Thursday, January 30, 2014

DataNucleus v3 and MongoDB

There has obviously been a recent shift to look at highly scalable datastores for use in "the cloud". Google wrote a plugin for their own BigTable datastore back in 2009, providing access to some of the features of JDO/JPA. Unfortunately they didn't have the intention of providing a full and fair reflection of those persistence specifications, and so reaction to it was mixed. Some people attempted to argue that APIs like JDO did not match these types of datastores (I see nothing in the API or query language of JDO that led to this conclusion, but anyway) and that using standard APIs on them was inappropriate; they were asked to provide concrete examples of features of these datastores could not be handled adequately by JDO but unfortunately didn't come up with anything.

With DataNucleus v3 we have the opportunity to spend some time on providing good support for these types of datastores, adding support for missing features. A previous blog post documented efforts to upgrade the support for HBase. In this blog post we describe the features in the new plugin for the MongoDB document-based "NoSQL" store.

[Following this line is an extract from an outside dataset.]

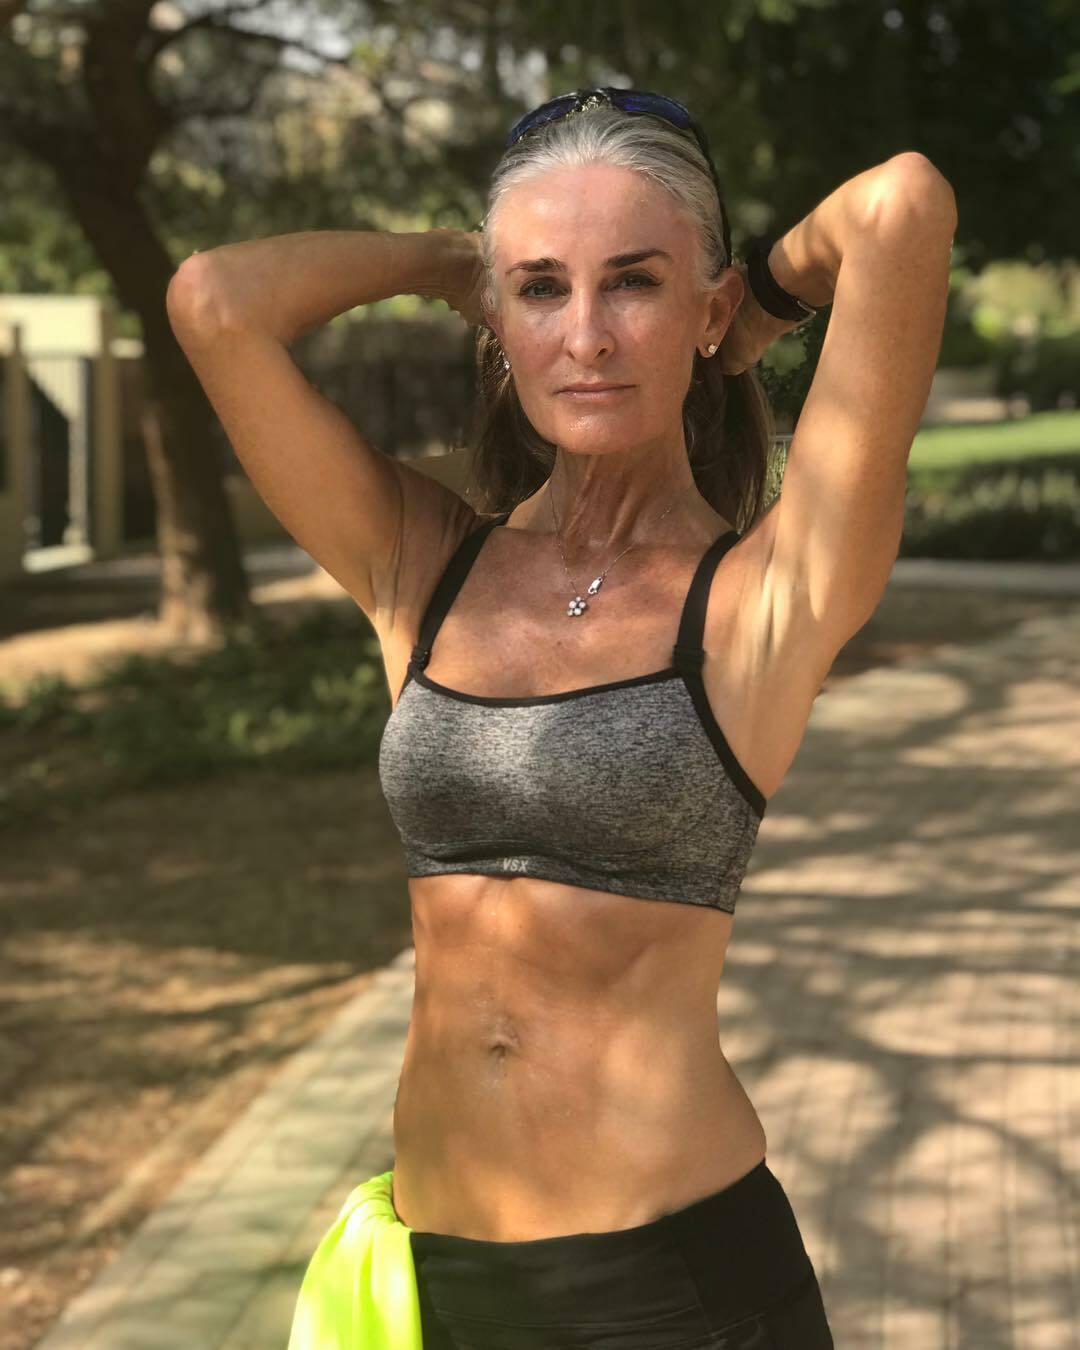 Caroline hiện rấttích cực trong cách hoạt động giúp phụ nữ tự tin, yêu thương cơ thể thay vì giấu mình đằng sau nhưng filter chỉnh sửa ảnh.

Features that this plugin currently supports include
  • Support for single MongoDB instances, and for MongoDB replica sets
  • Support for application identity (defined by the user), and datastore identity (surrogate field in the JSON document)
  • Basic persistence/update/delete of objects
  • Support for persistence of (unembedded) Collections/Maps/arrays by way of storing the identity of any related object(s) in the field.
  • Persistence of related objects (1-1/N-1) as "flat" embedded, where all fields of the related object are fields of the owner JSON document. This also supports nested related objects (unlimited depth).
  • Persistence of related objects (1-1/N-1) as nested embedded, where the related object is stored as a nested JSON document within the owner JSON document. This also supports nested related objects (unlimited depth).
  • Persistence of related collections/arrays (1-N) as nested embedded, where the related objects are stored as an array of nested JSON documents. This also supports nested relations.
  • Persistence of related maps (1-N) as nested embedded, where the related map is a nested array of map entries with fields "key","value". Supports nested relations.
  • Persistence of fields as serialised.
  • Polymorphic queries. If the query requests a class or subclasses then that is what is returned. This implies the execution of any query against the MongoDB collection for each of the possible candidate classes.
  • Access to the native MongoDB "DB" object via the standard JDO datastore connection accessor
  • Support for persistence of object version, stored in a separate field in the JSON document and support for optimistic version checking
  • Support for "identity" value generation using the MongoDB "_id" field value. The only restriction on this is that a field/property using "identity" value generation has to be of type String
  • Support for "increment" value generation (numeric fields).
  • Support for SchemaTool creation/deletion of schemas. This supports the document collection for the classes, as well as any indices required (including unique).
  • JDOQL/JPQL querying, including support for fetch groups, so you can restrict how much data is returned by the query.
  • Basic JDOQL/JPQL filter clauses (comparison operations) are evaluated in the datastore where possible.
  • Support for running queries on MongoDB slave instances.
  • Support for persistence of discriminators, so a user can store multiple classes into the same MongoDB collection, and we use the discriminator to determine the object type being returned.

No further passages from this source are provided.